» **Task data**:
════
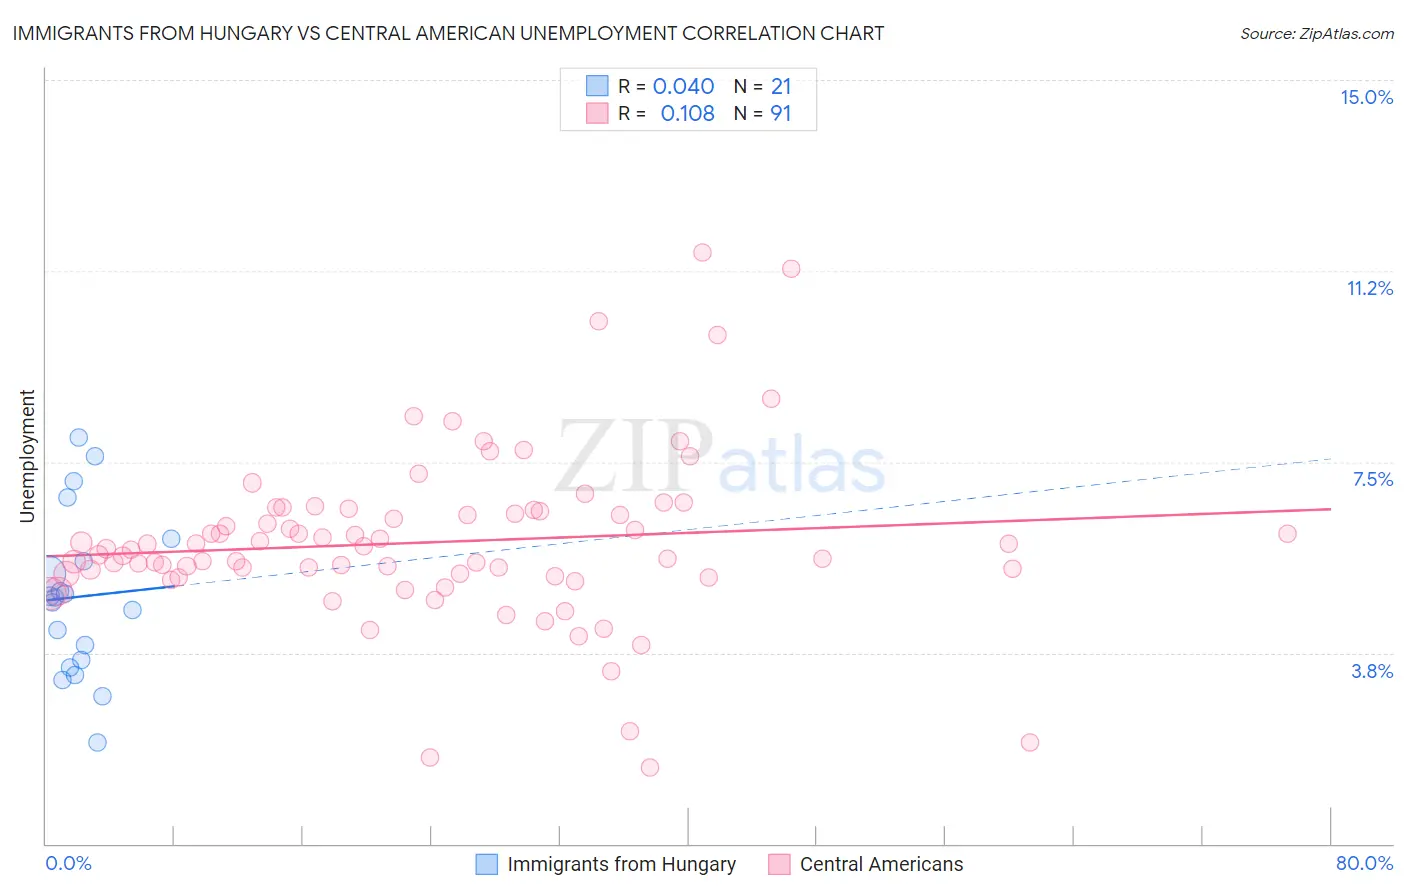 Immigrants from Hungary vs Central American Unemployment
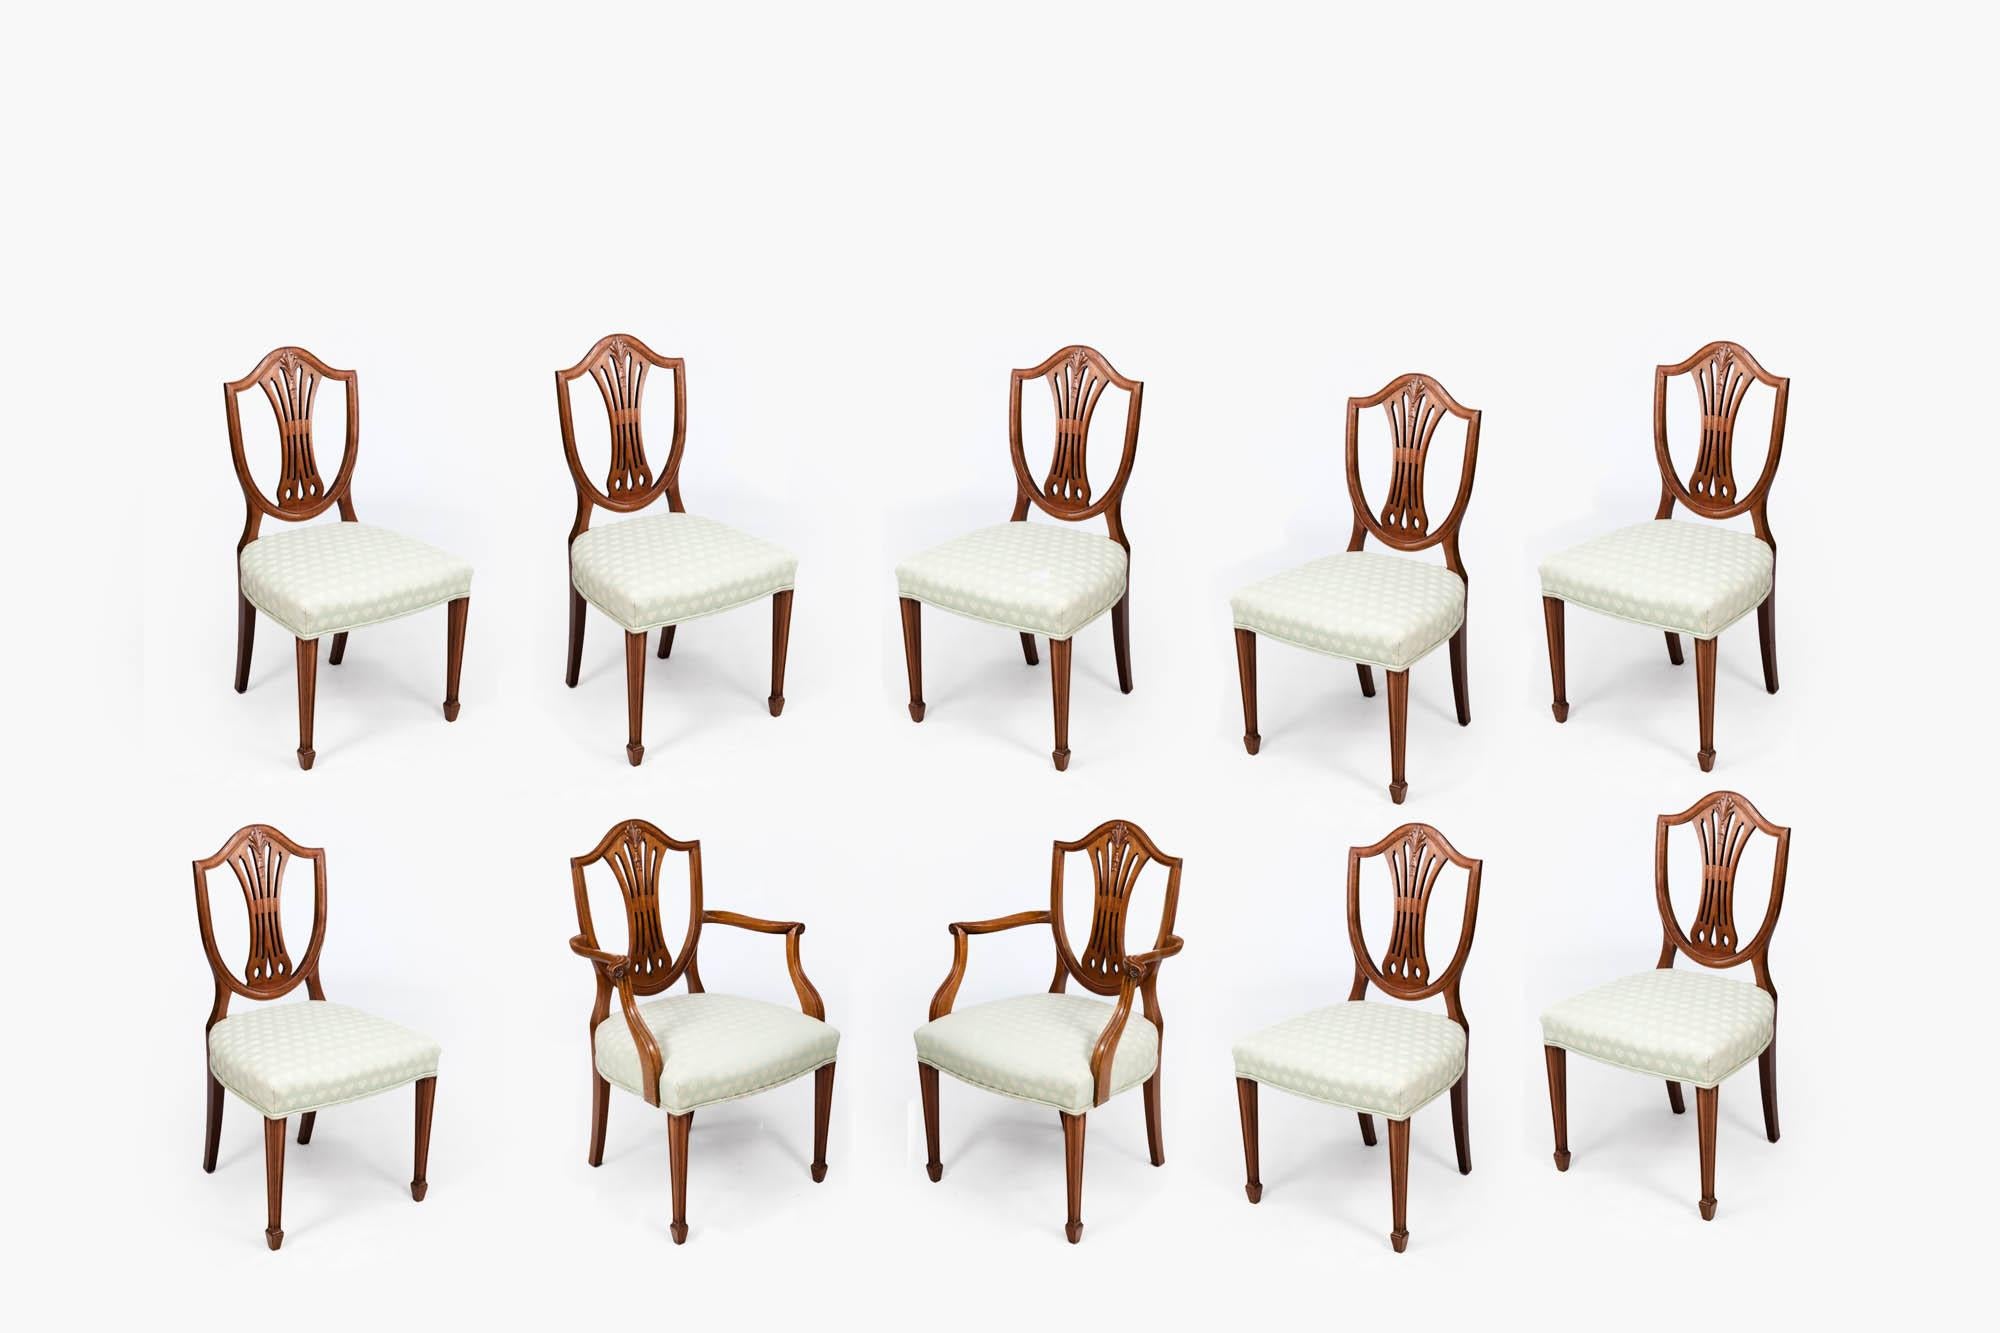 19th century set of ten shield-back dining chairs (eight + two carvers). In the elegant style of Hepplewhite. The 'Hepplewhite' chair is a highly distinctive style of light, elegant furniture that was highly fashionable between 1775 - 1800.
════
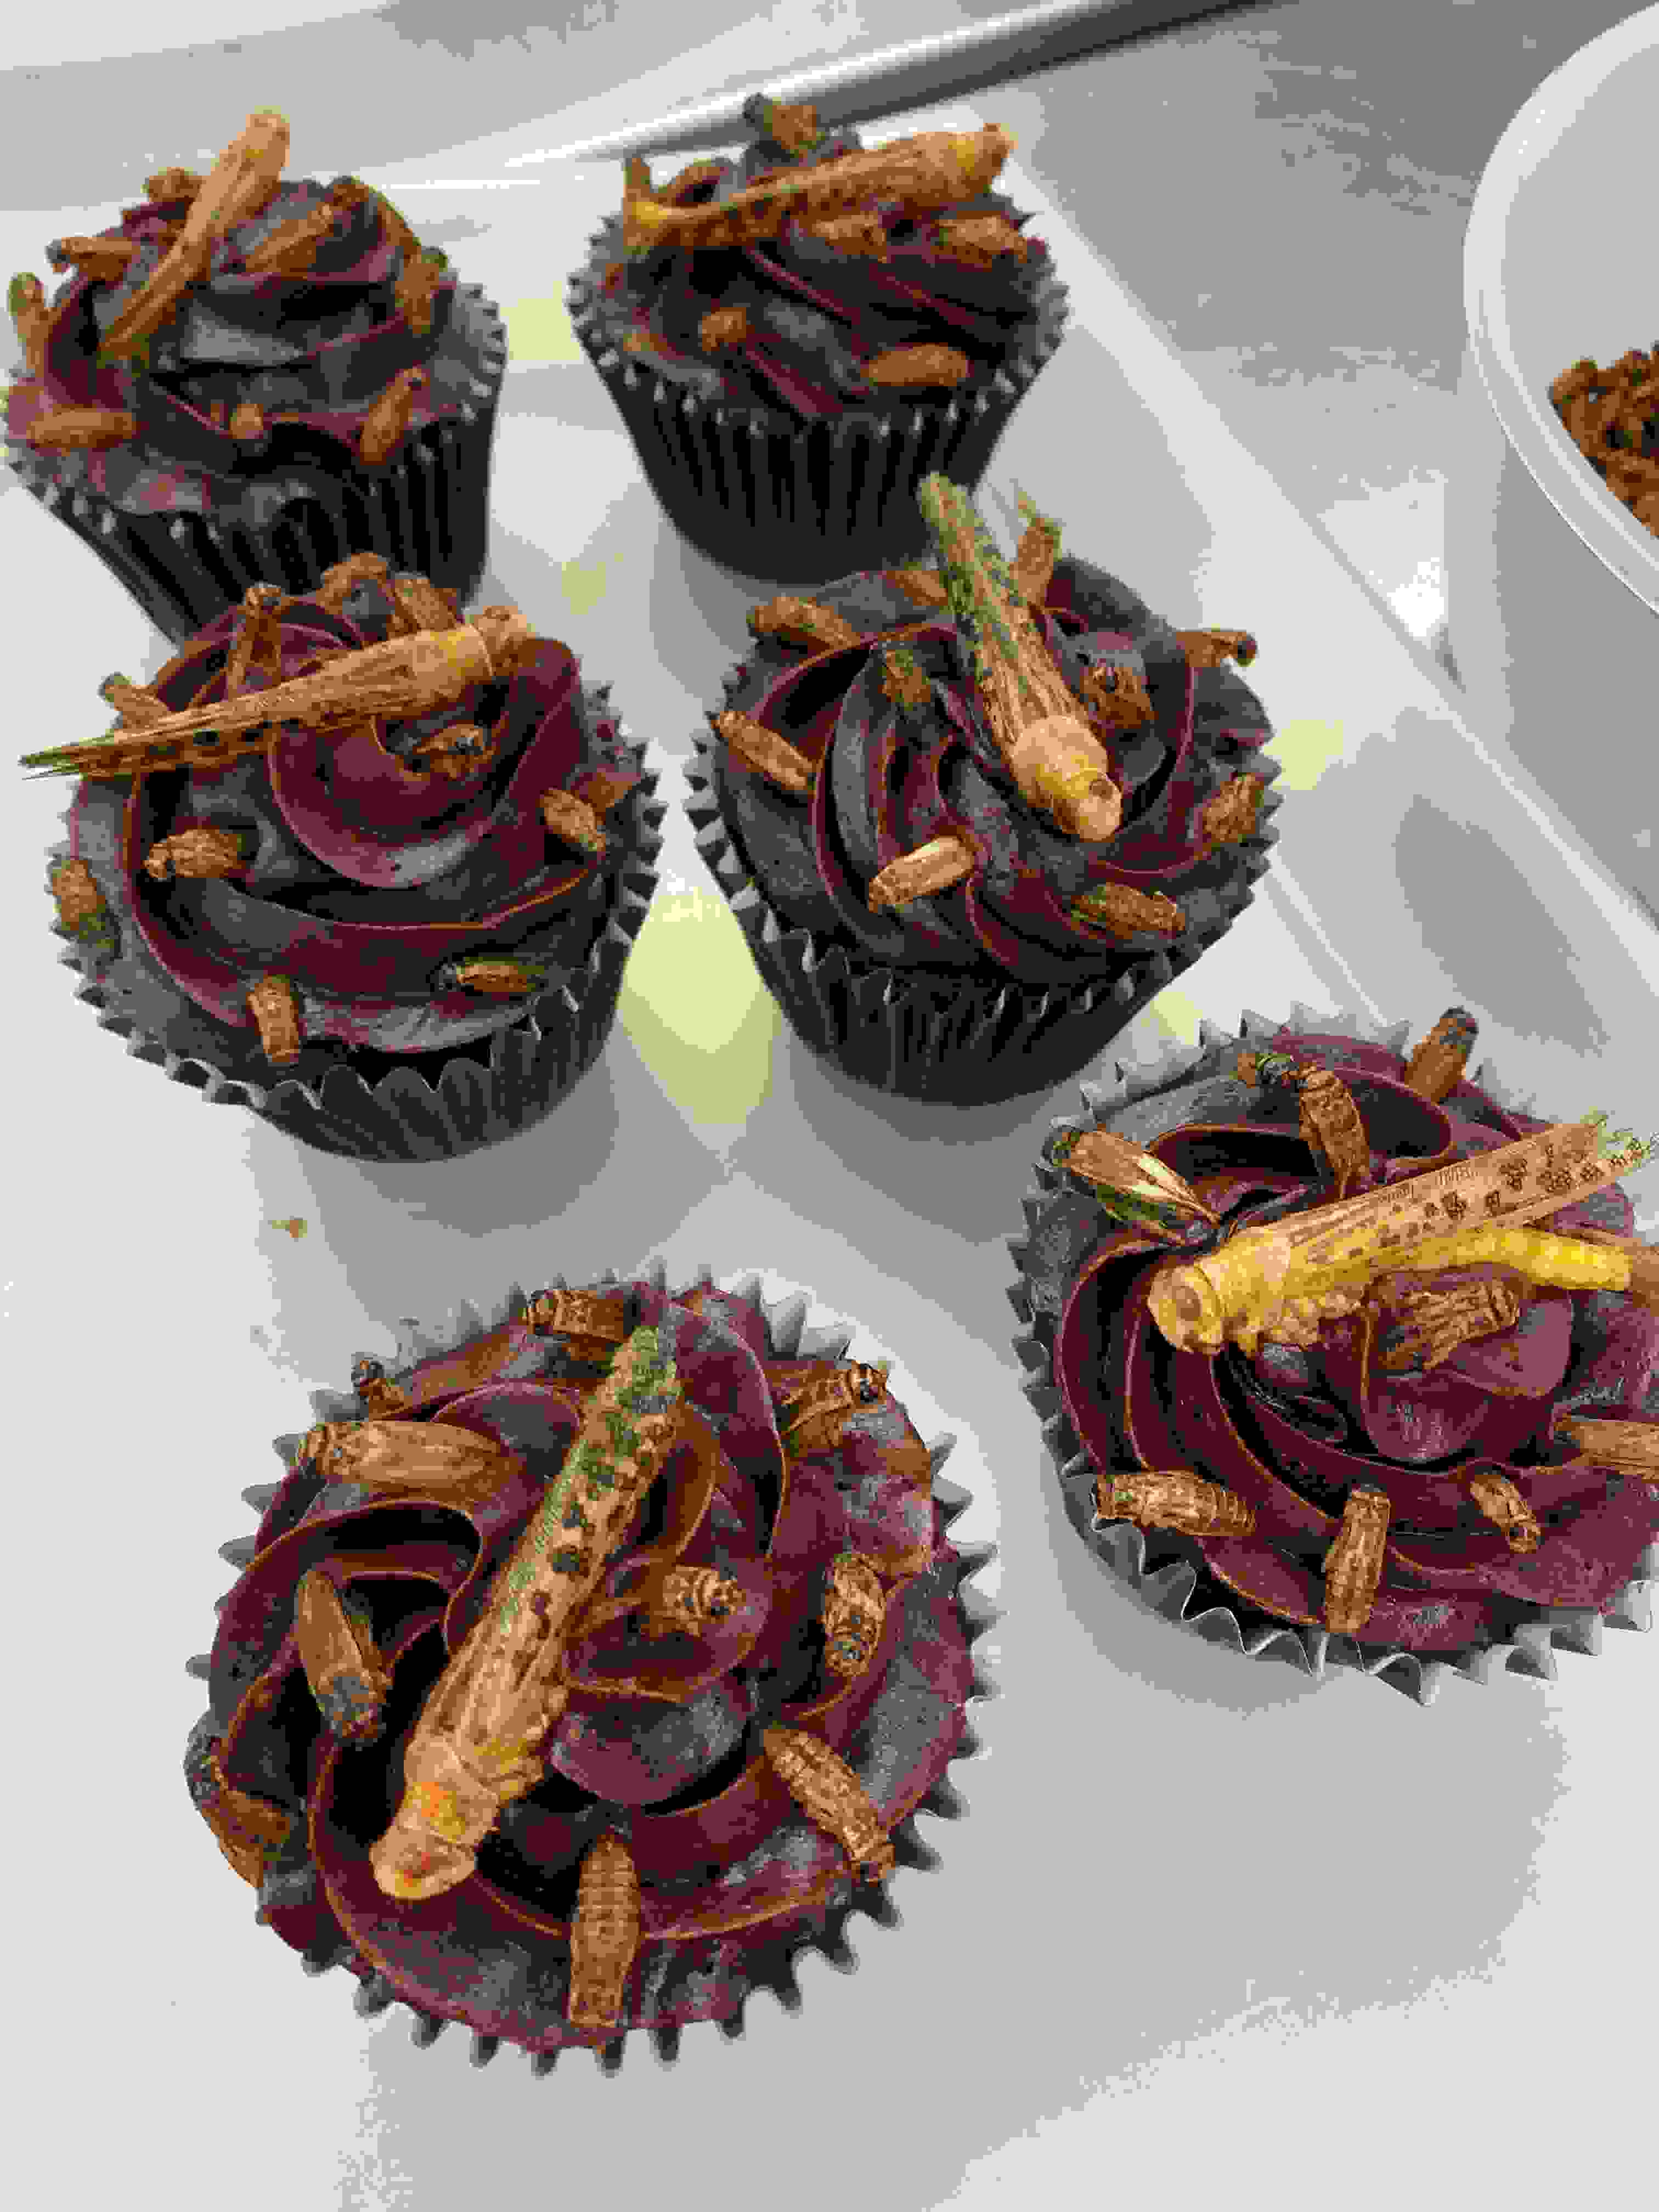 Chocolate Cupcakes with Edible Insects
════
» **Assignment**: Above this task is a listing with pictures in it. Retype only the lines from the one containing "Immigrants from Hungary" through the one containing "19th century set", both included, and not the pictures.

» **Answer to this problem**:
 Immigrants from Hungary vs Central American Unemployment
 19th century set of ten shield-back dining chairs (eight + two carvers). In the elegant style of Hepplewhite. The 'Hepplewhite' chair is a highly distinctive style of light, elegant furniture that was highly fashionable between 1775 - 1800.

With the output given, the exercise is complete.